Moving on into secondary and starting with a whopper. It’s not an exaggeration to say that these books changed the course of my time on this earth. Our Latin teacher in Year 5 (god, what a privileged way to start a sentence) would read us each a chapter of these books every lesson, from the origins of the Olympians in the first volume to the end of the Heroic age with Odysseus’ tragic death in the second. This was, in essence, my Mythos, my Percy Jackson; the beginning of my fascination with Greek mythology, and from that, the beginning of my willingness to take those lessons more seriously, pick them for GCSE and A Level, apply to and study Classics at Warwick, and from there use that experience to begin the start of my career and adult life. These books influenced how I grew up as a child, a teenager, and ultimately the man I became. Because of them, I ended up in the university I did, and experienced the friendships, relationships and regrets that every 18 year old does as a student. And sure enough, having returned to the Classical world these last few years and taken up writing again, it’s likely that they are going to affect my life going forward.

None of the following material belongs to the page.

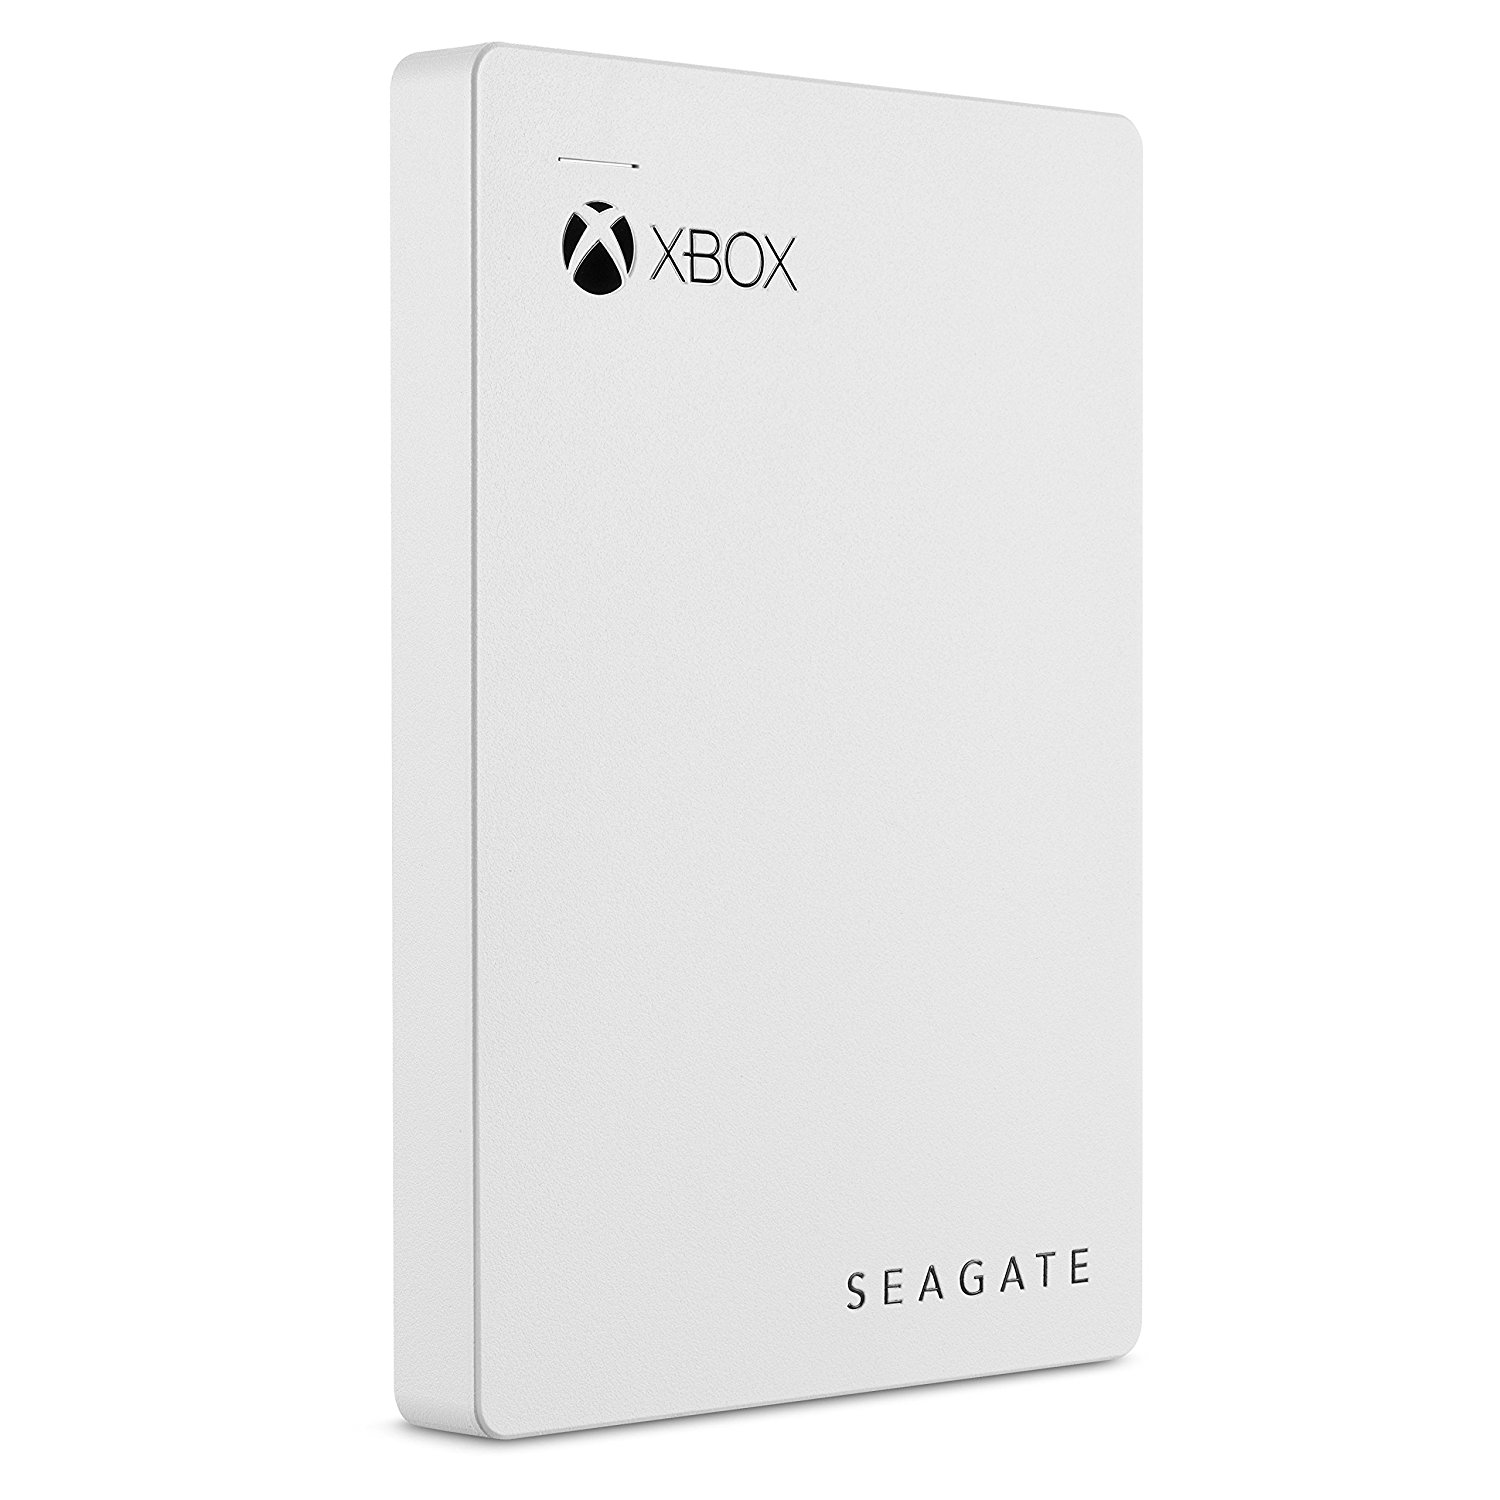 Hard Disk Portabil Seagate Game Drive pentru Xbox 1TB USB 3.0 Alb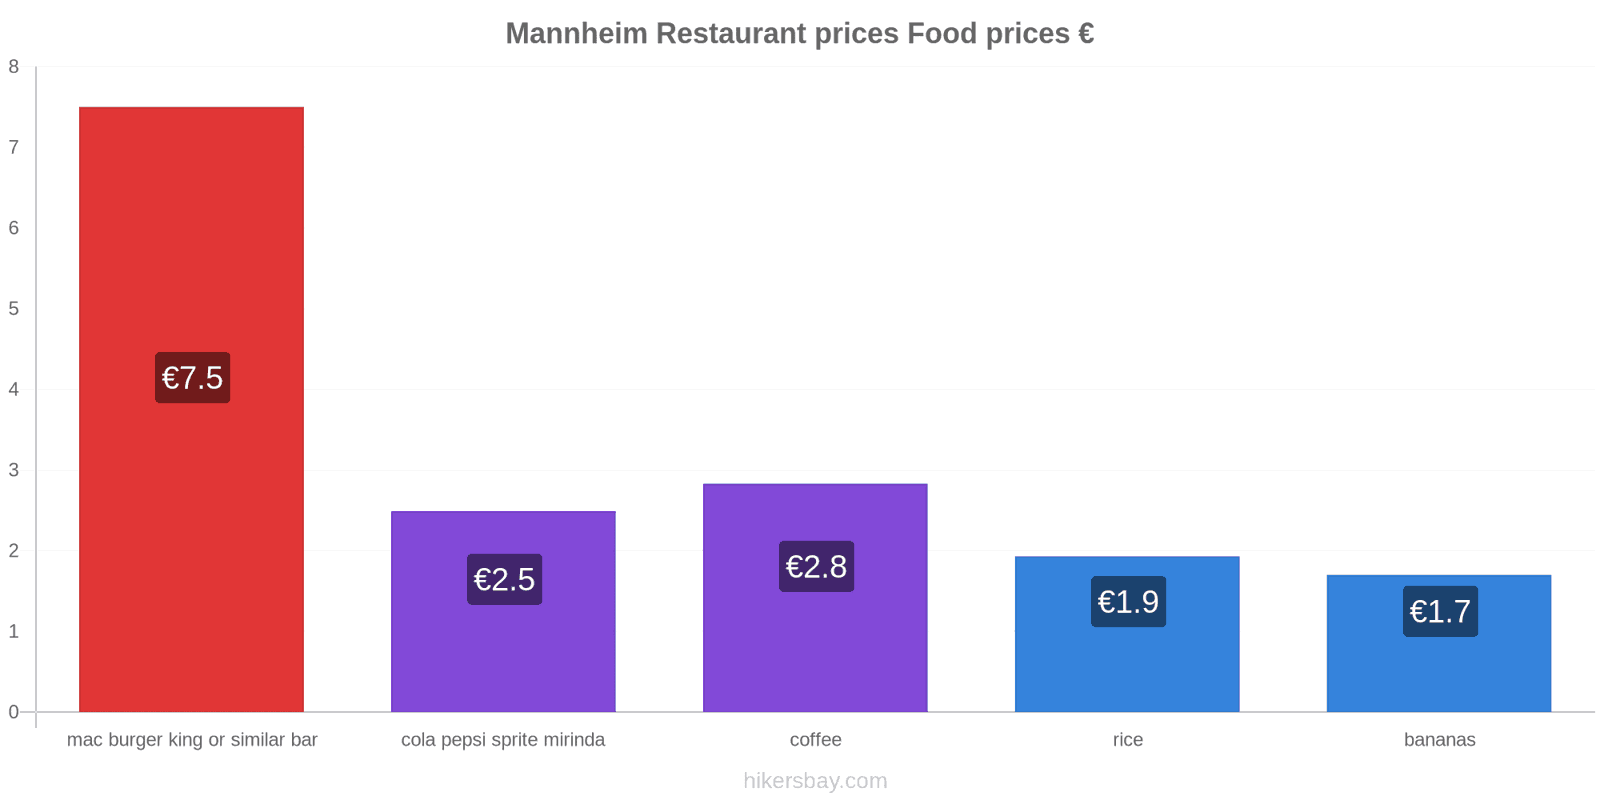 Mannheim price changes hikersbay.com

A rather sobering thought, all things considered.

I still have my prep-school copies of these books – with those exact same covers – and rereading them yet again after so long has been as enjoyable as it has nostalgic. For books that came out in the 50s, they have aged surprisingly well, and while they lack some of the more modern character focus and nuance as more contemporary equivalents do, I think they are going to hold up in ways that more modern retellings may well not. In terms of practicalities, the scope of material they cover is extreme (pretty much every major literary text and drama I can think of, bar a few), but all woven together so deftly and so lightly that you wouldn’t realise you are getting a potted yet informative summary of the entire Greek mythological canon.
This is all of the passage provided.